Beginning his career as a decorator, Wallhead joined the Independent Labour Party (ILP) and later became a journalist and lecturer.  A committed opponent of World War I, he was detained in 1917 under the Defence of the Realm Act.

Wallhead unsuccessfully contested Coventry in the 1918 general election for the Labour Party, to which the ILP was affiliated.  He was elected to Manchester City Council in 1919, a position he held for three years.

At the 1922 general election, Wallhead gained Merthyr from the Liberals.

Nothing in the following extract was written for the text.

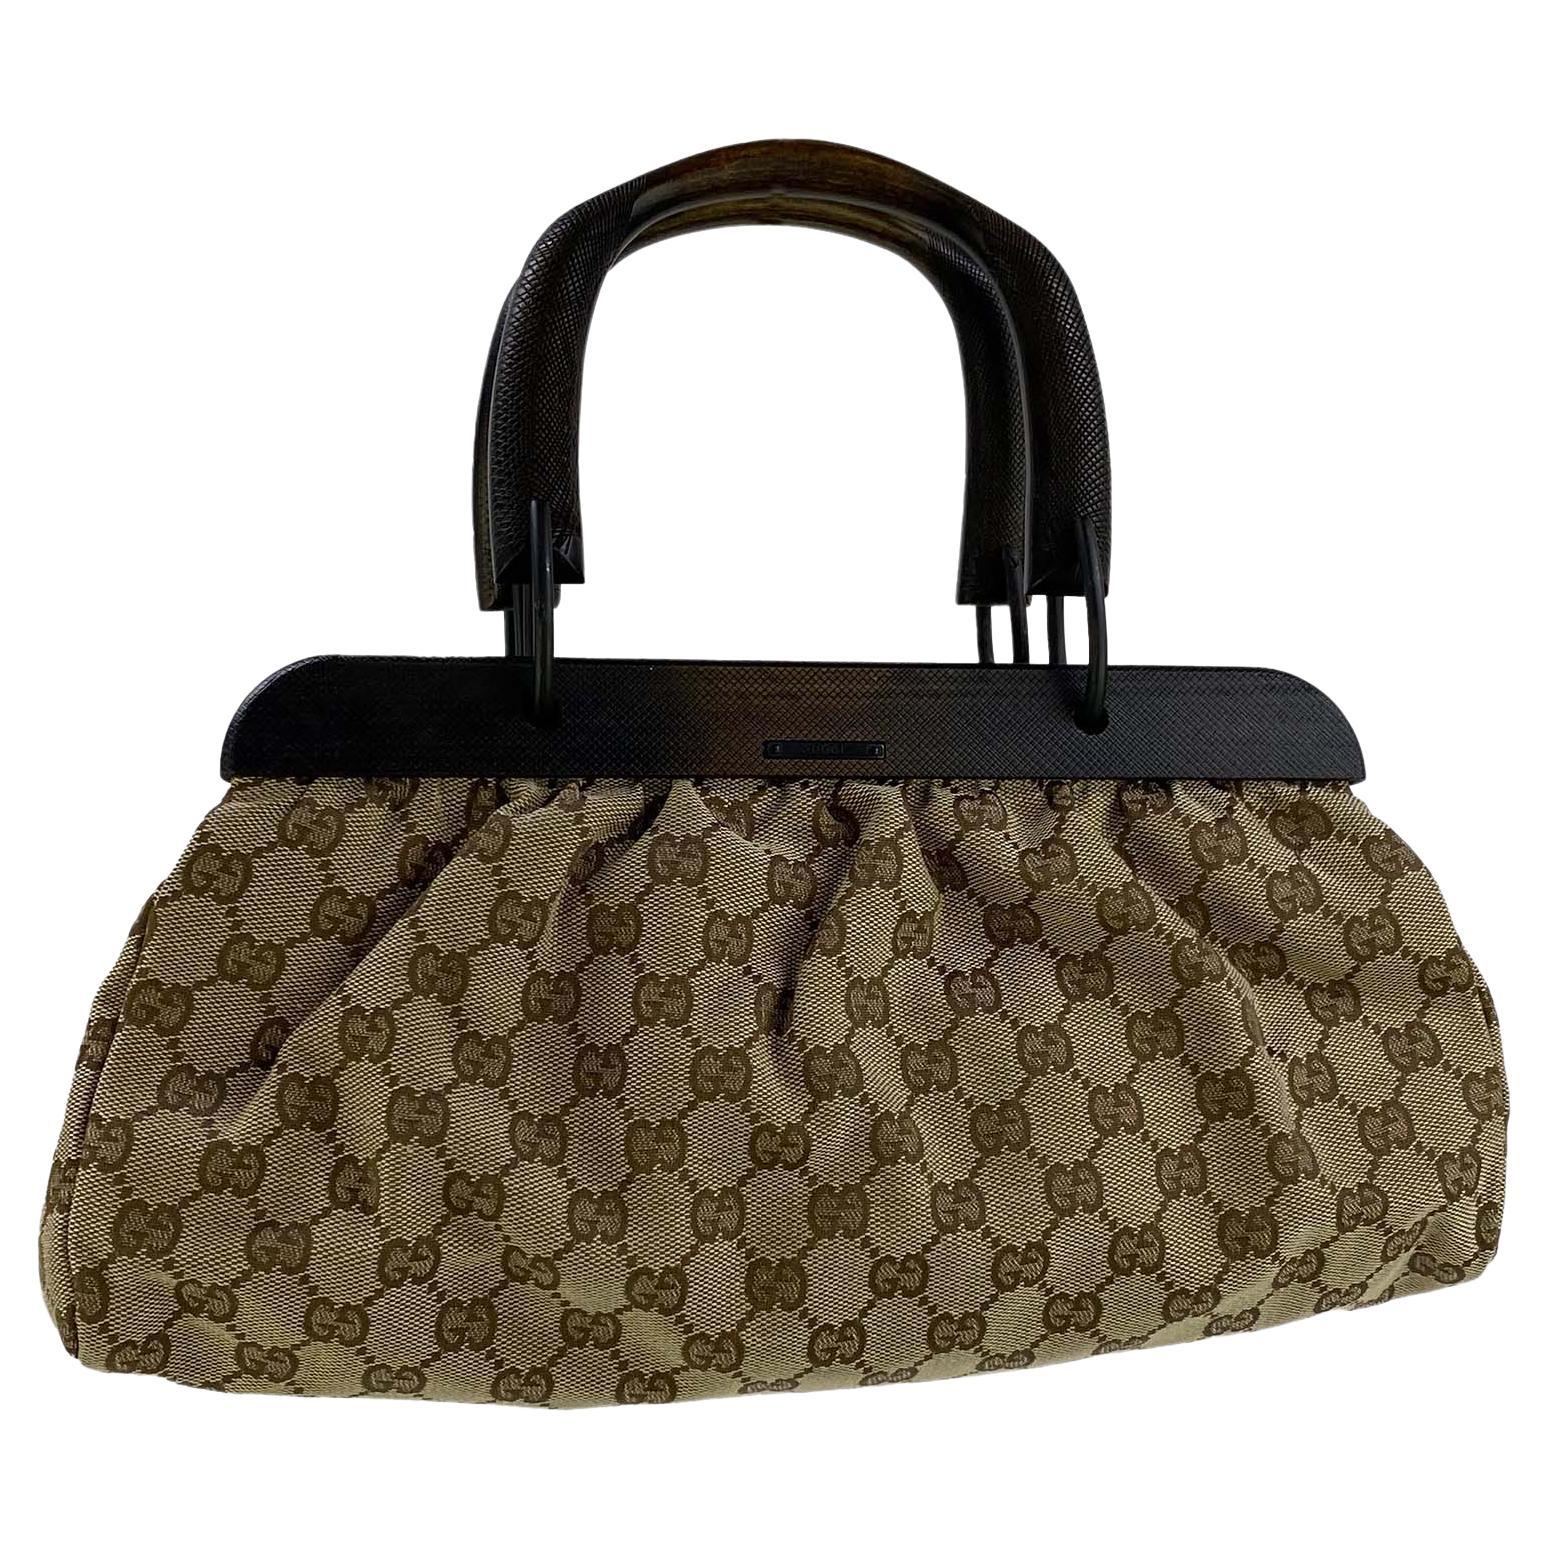 F/W 2002 Gucci by Tom Ford Wooden Handle 'GG' Bag

As the politics of the South Wales coalfield radicalised, this turned into a safe Labour seat, which he was to hold until his death.  He was one of only five ILP MPs to retain their seats in the 1931 general election, after Labour withdrew their support, and initially supported their disaffiliation from Labour.  However, in September 1933 he resigned from the ILP and rejoined Labour.  He died the following year.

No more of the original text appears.